The famous Australian rugby player, Israel Folau, sent out this Instagram post: “Warning – Drunks, Homosexuals, Adulterers, Liars, Fornicators, Thieves, Atheists, Idolaters. HELL AWAITS YOU. REPENT! ONLY JESUS SAVES.”
Folau was dismissed from his employment with Rugby Australia and is bringing Federal Court action based in part (as we understand it) on his right to express personal views in his own time.
Comcare v Banerji – High Court of Australia
His solicitors will no doubt be checking the High Court’s decision in Comcare v Banerji, delivered on 7 August 2019. Ms Banerji was employed by the Commonwealth Department of Immigration and Citizenship. As the decision records, “she began broadcasting tweets on matters relevant to the Department, using the Twitter handle “@LaLegale”. There were more than 9,000 such tweets, at least one of which was broadcast during the respondent’s working hours, and many of which were variously critical of the Department, other employees of the Department, departmental policies and administration, Government and Opposition immigration policies, and Government and Opposition members of Parliament…some of the tweets are reasonably characterised as intemperate, even vituperative, in mounting personal attacks on government and opposition figures”.

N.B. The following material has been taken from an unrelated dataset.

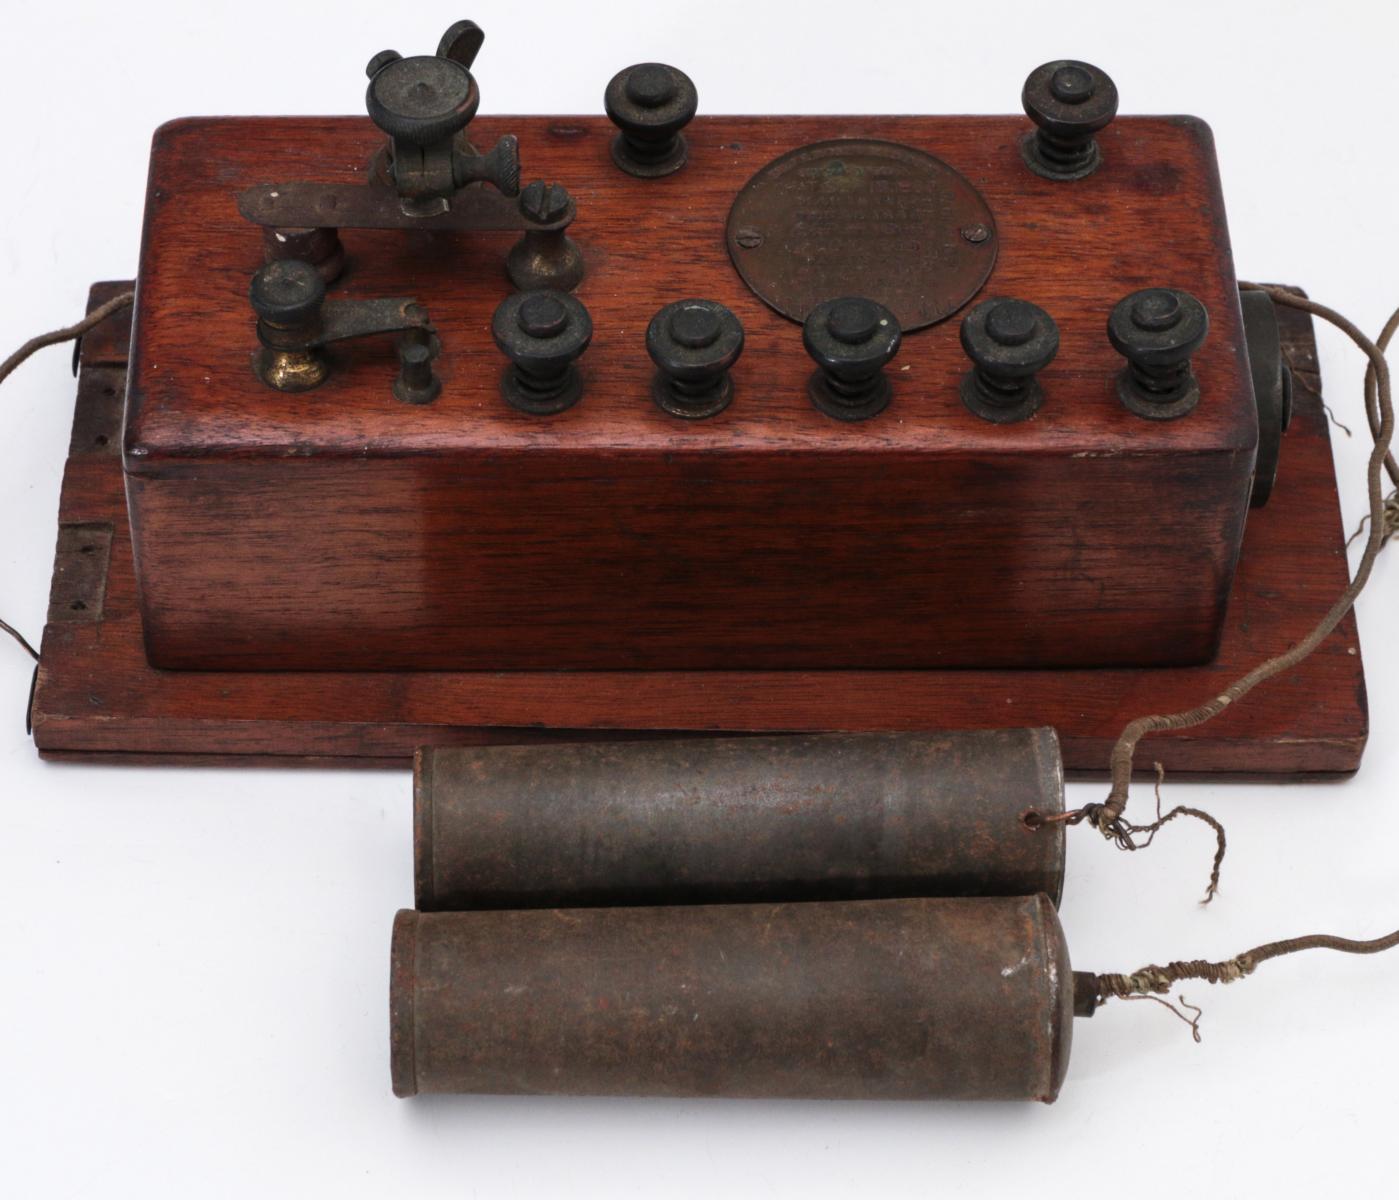 A DR. JEROME KIDDER ELECTRO THERAPY DEVICE, 1876

Ms Banerji was dismissed and later brought proceedings for compensation for psychological injury arising out of the termination of employment. The High Court allowed the Appeal by Comcare, rejected the compensation claim and ordered Ms Banerji to pay legal costs. The bases of the decision, or the principles that seem to arise from it, include the following:
- There is no legal right of free speech in Australia, unlike the situation in Canada or the USA for example. There is an implied restriction on the Australian Parliament that it cannot make laws that unduly restrict freedom of political communication. This is a societal right, not an individual one;
- The Public Service Act could validly impinge on political communication by public sector employees because the Australian public service is designed to be apolitical, and public servants were meant to implement government policy not criticise it;
- There was no such thing (in reality) as an anonymous social post: “as a rule of thumb, anyone who posts material online, particularly on social media websites, should assume that, at some point, his or her identity and the nature of his or her employment will be revealed.”

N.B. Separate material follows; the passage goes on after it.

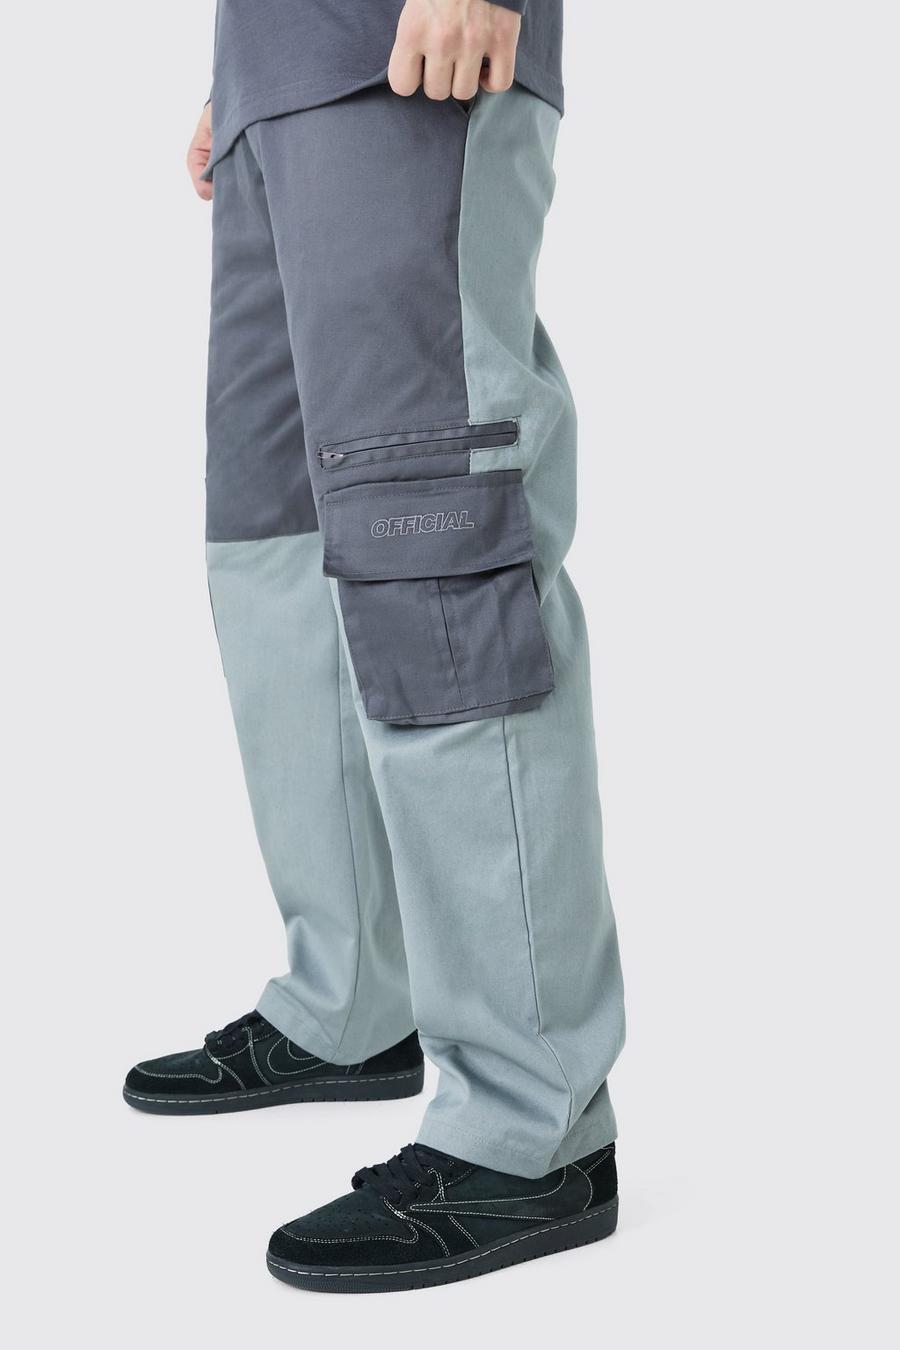 Tall lockere Colorblock Cargo-Hose mit Official-Logo, Charcoal grey

- If an employee acts in his/her own time in a way that adversely reflects on the integrity of their employer, this can give an employer the right to take action if such a situation is proscribed in the contract of employment or employer policies.
- A citizen of Australia is a part of a political system that endorses freedom of communication on political matters. We are free to give our rulers a spray, and we do so often. But if we choose to work for a mob that requires us to exercise restraint and moderation in that space for proper reasons, their right to do so may have to be respected too.
Employees should therefore bear in mind: [A] No social media is or stays confidential or anonymous; [B] Don’t just read your contract of employment, read the policy and procedure manual as well; and [C] If out of hours opinion might cut across work-time reputation, perhaps keep it to yourself!